Assertion failure: rc != 0 (destroyed timer off its target thread!) in simplecall-no-ssrcs.https.html WPT
Categories
(Core :: XPCOM, defect, P2)
Tracking
()
People
(Reporter: ng, Assigned: pehrsons)
References
Details
Attachments
(4 files, 1 obsolete file)
Assignee | ||
Comment 1•3 years ago
•
|
||
We fail the assert after the timer has fired but has failed to dispatch to the target thread. Might be in shutdown then. This should be fine as the user of the timer should do the final release when the timer is unarmed, or so I read the nsTimerImpl code. Could this be some race between firing the timer on the TimerThread and canceling+releasing (sync) it on some other thread? This AutoUnlock could be involved.
I'll try to figure out which timer this is, and maybe we can reason more about the usage of it.
Assignee | ||
Comment 2•3 years ago
|
||
It also comes in this shape for non-debug builds.
Then you just see this on treeherder:
PROCESS-CRASH | /webrtc/RTCRtpReceiver-getSynchronizationSources.https.html | application crashed [@ nsThread::ProcessNextEvent(bool, bool*)]
But the log follows up with
Mozilla crash reason: MOZ_ASSERT(rc != 0) (destroyed timer off its target thread!)
Assignee | ||
Comment 3•3 years ago
|
||
It's a DelayedRunnable. That's a bit of a blanket term. I'll try to figure out which DelayedRunnable.
Assignee | ||
Comment 4•3 years ago
|
||
One coming from a webrtc::QueuedTask
. Makes sense.

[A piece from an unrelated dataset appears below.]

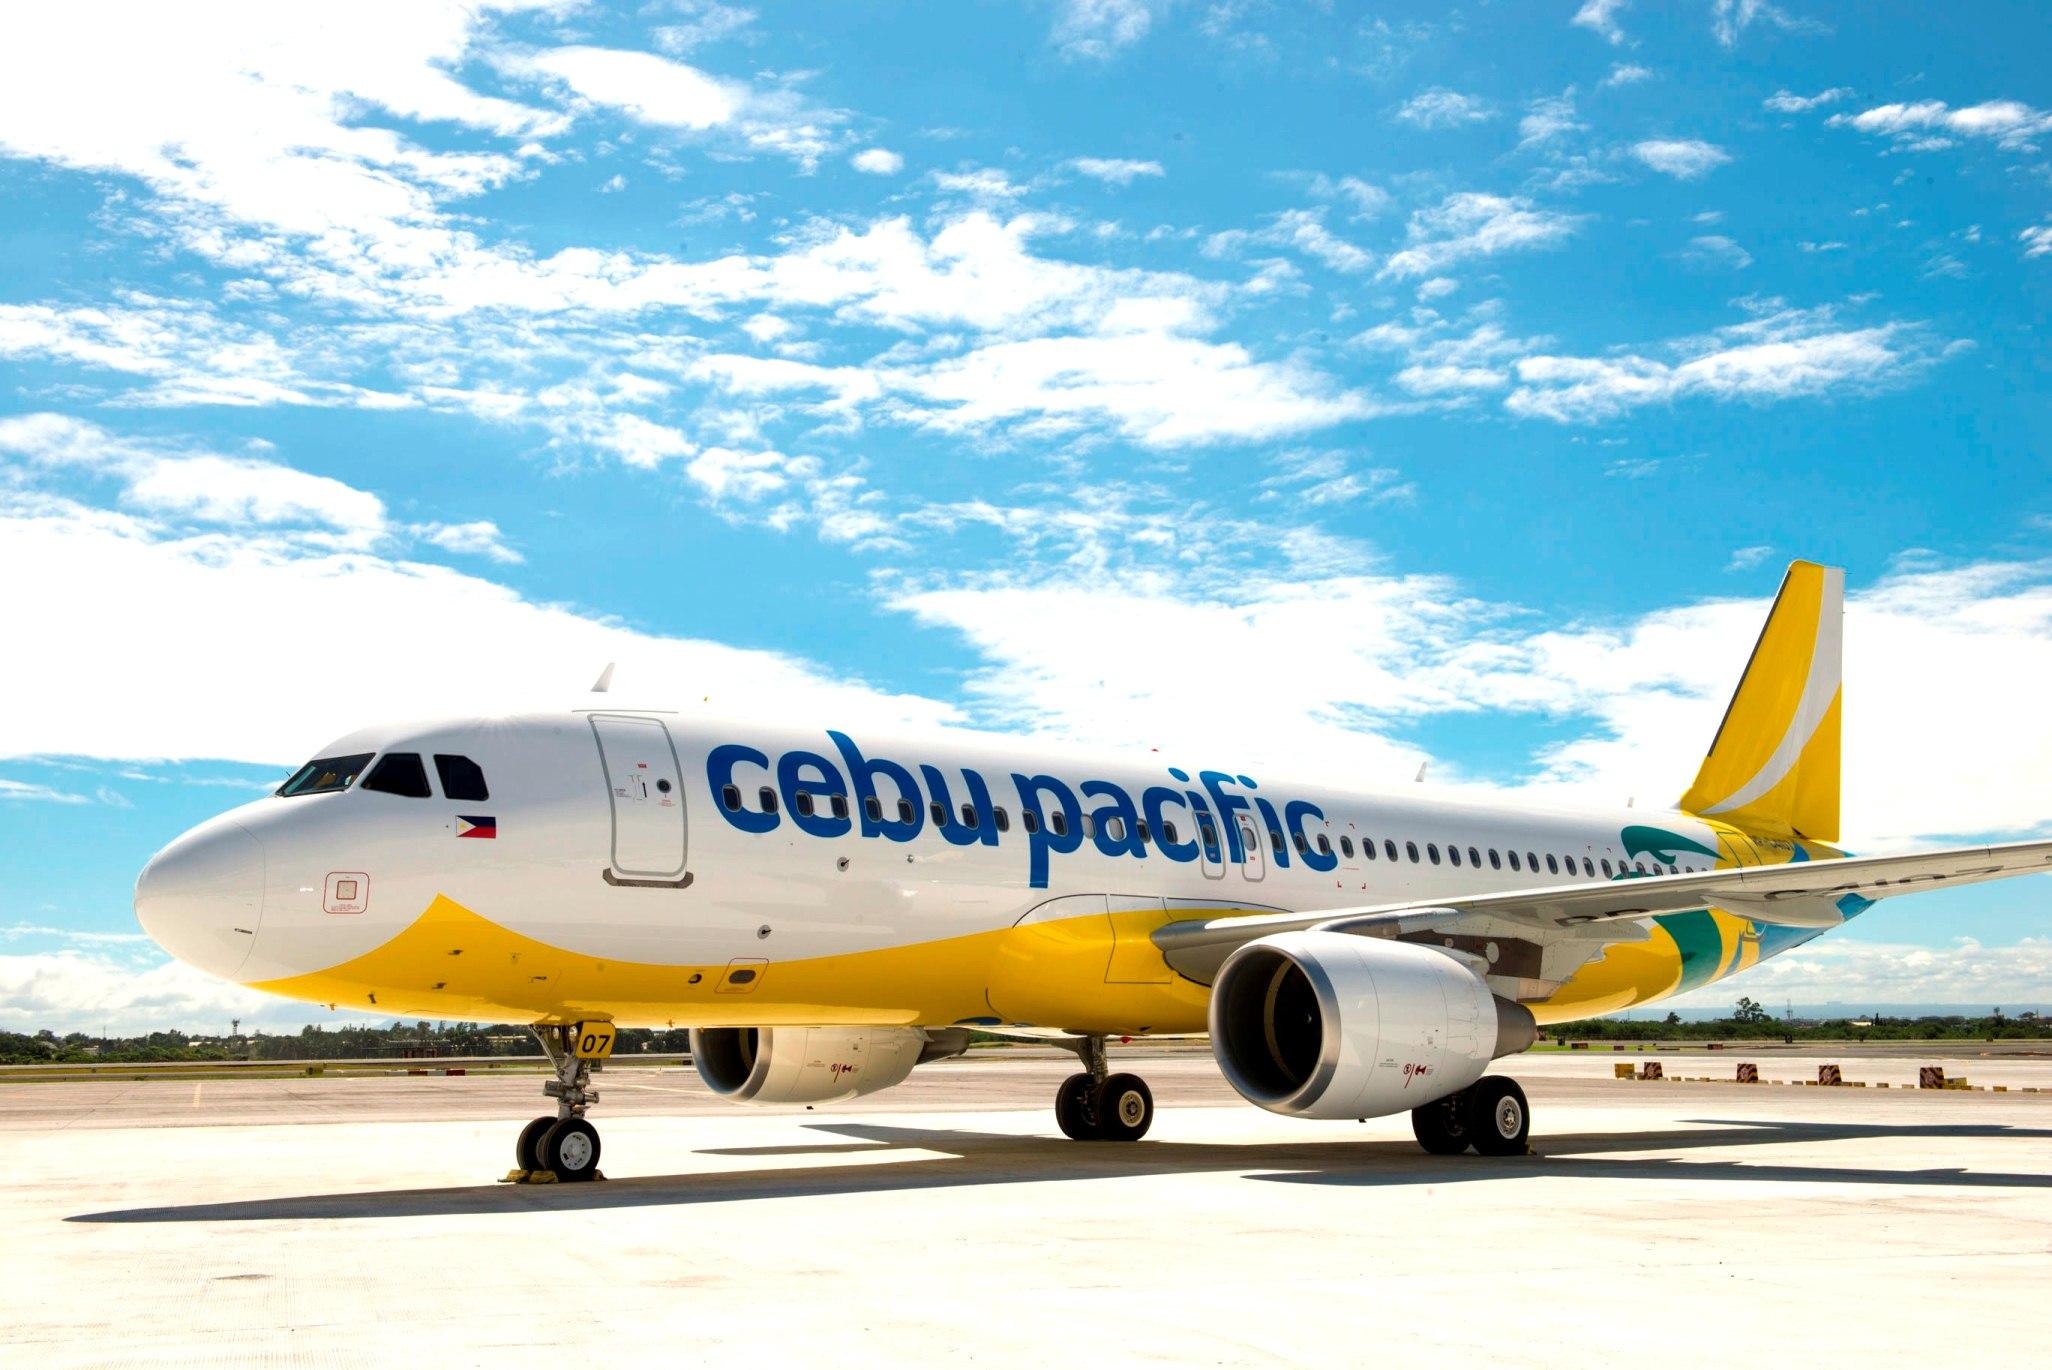 Cebu Pacific Air's new livery

I'll see if I can reason my way through this.
Assignee | ||
Comment 5•3 years ago
|
||
I think this could happen if:
- DelayedDispatch() inits the timer
- The same DelayedDispatch() then does a tail dispatch
- The TaskQueue is shut down (other thread) before the tail dispatching task has completed (so dispatching the tail fails)
Now the tail dispatcher drops the RefPtr to the DelayedRunnable (and the timer), and when the timer fires it fails dispatching the notification and releases the timer on the timer thread, and trips the assert that makes up this bug.

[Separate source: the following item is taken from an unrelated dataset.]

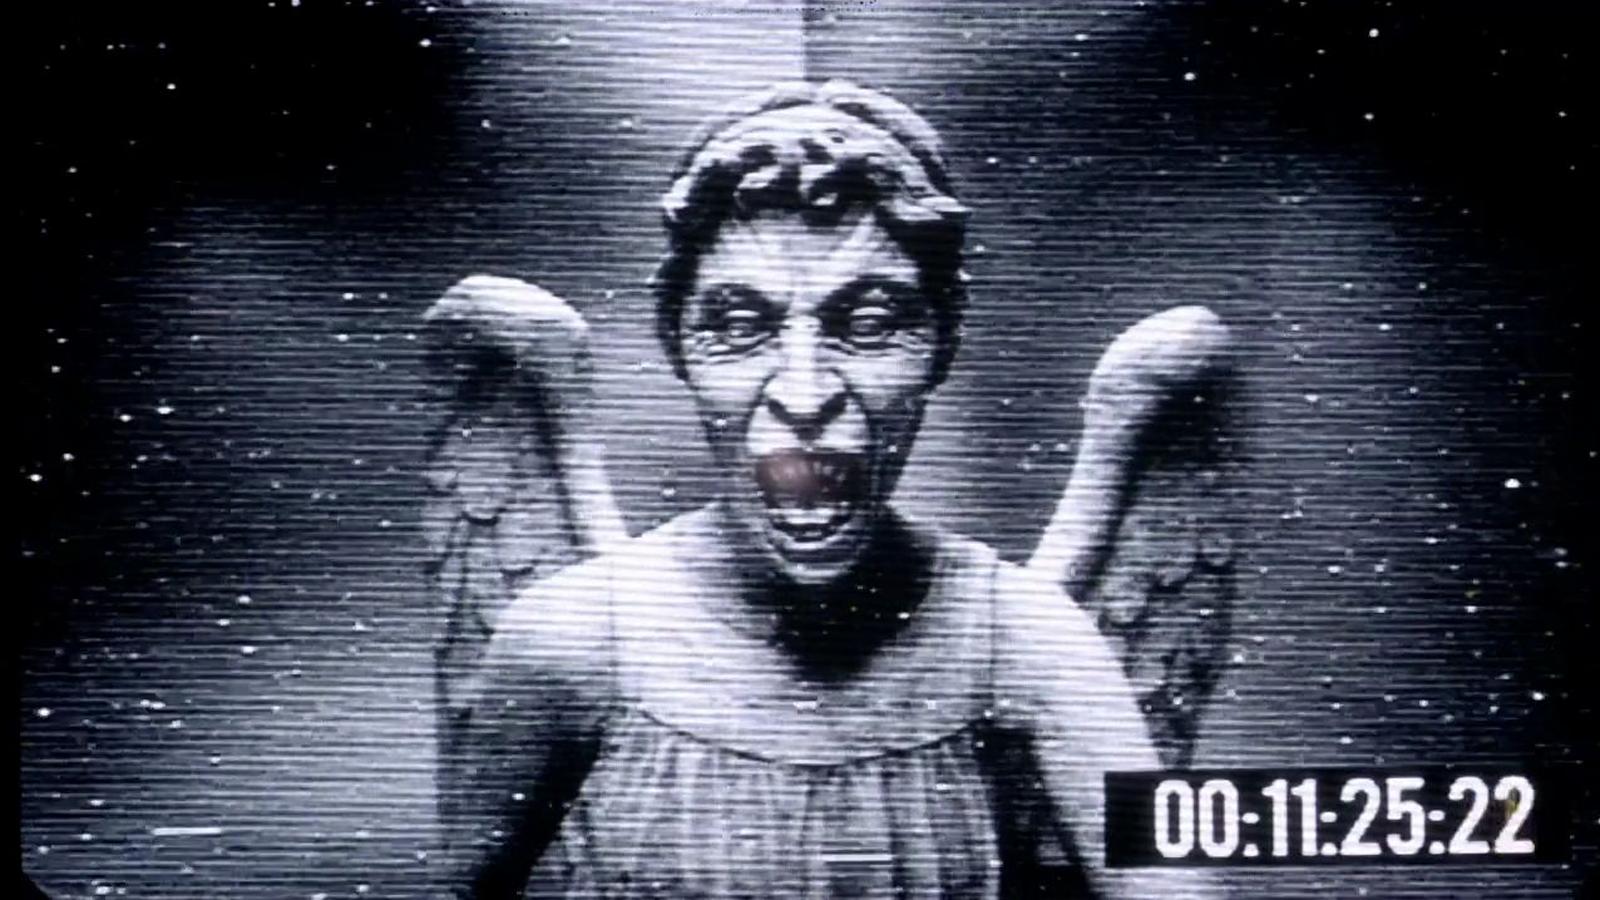 Best 53 Weeping Angels Wallpaper on HipWallpaper Weeping Angels 1600x900

We should fix this in xpcom.
Assignee | ||
Comment 6•3 years ago
|
||
The hypothesis in comment 5 didn't yield any results.
But with some extra logging across DelayedRunnable, TaskQueue and friends (see treeherder) I get:
[task 2021-09-27T13:15:21.581Z] 13:15:21 INFO - GECKO(1599) | BeginShutdown TaskQueue 0x117b03f90
[task 2021-09-27T13:15:21.582Z] 13:15:21 INFO - GECKO(1599) | CancelDelayedRunnablesLocked TaskQueue 0x117b03f90
[task 2021-09-27T13:15:21.582Z] 13:15:21 INFO - GECKO(1599) | CancelDelayedRunnablesImpl TaskQueue 0x117b03f90 runnable 0x118dc7580
[task 2021-09-27T13:15:21.583Z] 13:15:21 INFO - GECKO(1599) | CancelTimer DelayedRunnable 0x118dc7580 mTimer 0x1175809e0
[task 2021-09-27T13:15:21.583Z] 13:15:21 INFO - GECKO(1599) | CancelDelayedRunnablesImpl TaskQueue 0x117b03f90 runnable 0x118dc7380
[task 2021-09-27T13:15:21.584Z] 13:15:21 INFO - GECKO(1599) | CancelTimer DelayedRunnable 0x118dc7380 mTimer 0x10105fe60
[task 2021-09-27T13:15:21.584Z] 13:15:21 INFO - GECKO(1599) | ~DelayedRunnable 0x118dc7580 mTimer 0x1175809e0
[task 2021-09-27T13:15:21.584Z] 13:15:21 INFO - GECKO(1599) | ~DelayedRunnable 0x118dc7380 mTimer 0x10105fe60
[task 2021-09-27T13:15:21.585Z] 13:15:21 INFO - GECKO(1599) | [Child 1600, Timer] WARNING: ##### Failed dispatch due to shutdown: file /builds/worker/checkouts/gecko/xpcom/threads/TaskQueue.cpp:49
[task 2021-09-27T13:15:21.586Z] 13:15:21 INFO - GECKO(1599) | MaybeResolveShutdown
[task 2021-09-27T13:15:21.586Z] 13:15:21 INFO - GECKO(1599) | ##### Baddie timer 'TaskQueueWrapper::CreateTaskRunner (webrtc::QueuedTask)' 0x0
[task 2021-09-27T13:15:21.587Z] 13:15:21 INFO - GECKO(1599) | Assertion failure: rc != 0 (destroyed timer off its target thread!), at /builds/worker/checkouts/gecko/xpcom/threads/TimerThread.cpp:463
Not by any means verified, but this smells like a race between canceling (on the target) and firing (on TimerThread) a timer.
Assignee | ||
Comment 7•3 years ago
|
||
There's a possible race where that Cancel() on the target Removes the timer while the TimerThread unlocks the monitor in PostTimerEvent (the one that fails to post). Then we end up releasing off-target although we've done our deed and canceled on-target.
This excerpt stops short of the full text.